366994 Assimilation of VIIRS Aerosol Optical Depth Information in the RAP and HRRR System to Improve Smoke, Visibility and Weather Forecasts

Tuesday, 14 January 2020
Hall B1 (Boston Convention and Exhibition Center)
A. Back, NOAA/ESRL/GSD and CIRA/Colorado State Univ., Boulder, CO; and R. Ahmadov, M. Pagowski, E. P. James, G. Grell, C. R. Alexander, and S. S. Weygandt

3D smoke distribution forecasts will become operational as part of the rapid refresh (RAP) version 5 and high-resolution rapid refresh (HRRR) version 4 analysis and forecast systems scheduled to become operational at NCEP in 2020. Smoke fields are initialized in these systems by specifying emissions and fire plume rise derived from fire radiative power (FRP) data from the VIIRS instruments on the Suomi-NPP and NOAA-20, and the MODIS instrument onboard the Terra and AQUA polar orbiting satellites. The resulting smoke forecasts are valuable for air quality forecasting, aviation, and many other uses. In addition to smoke distribution forecasts, HRRR smoke fields are used in the diagnosis of surface visibility in HRRR forecasts. Case studies further indicate that allowing the smoke to interact with the radiation scheme also improves surface temperature forecasts when smoke is present. The feedback of smoke on radiation is implemented in the experimental HRRRX and RAPX.
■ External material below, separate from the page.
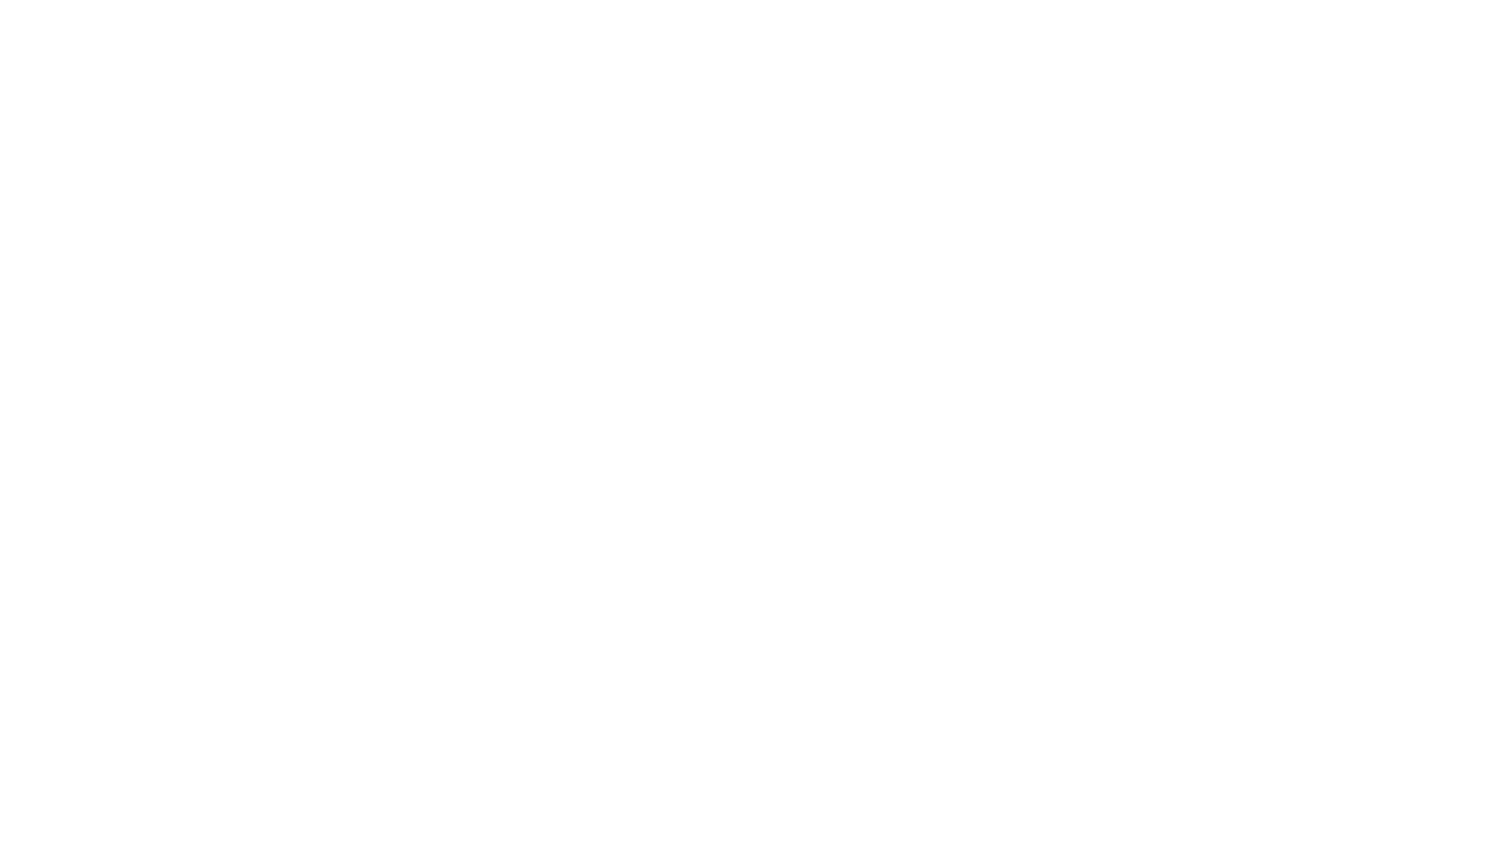 Grant Excavation

An important aspect of the current implementation of HRRR-Smoke is that in addition to simulated emissions of new smoke specified by the VIIRS FRP empirical relation, the existing smoke field carries over from run to run (forecast smoke from one run provides an initial field for the next). While this cycling of the smoke field is very beneficial, errors in forecasts of lingering smoke can accumulate over time. To remedy this shortcoming, a smoke-filtered aerosol optical depth (AOD) product developed by NESDIS can be assimilated in a variational framework with the HRRR’s 1-hour smoke forecast supplying the background. Test cases are selected from the 2018 fire season, during which many large wildfires occurred in the northwestern US and during which the WE-CAN field campaign also took place. Smoke forecasts with and without AOD assimilation are quantitatively verified and subjectively evaluated: plots of modeled smoke are compared with satellite imagery from GOES ABI, and visibility forecasts with and without AOD assimilation are verified against mesoscale visibility analyses. Finally, comparisons are made between smoke forecasts and surface PM2.5 observations in the northwestern US, which are dominated by smoke in the summer months. Improvements to the HRRR’s smoke analyses through AOD assimilation will lead to improved forecasts not just of the smoke distribution itself, but also of surface visibility and weather (via simulated smoke-meteorology interactions).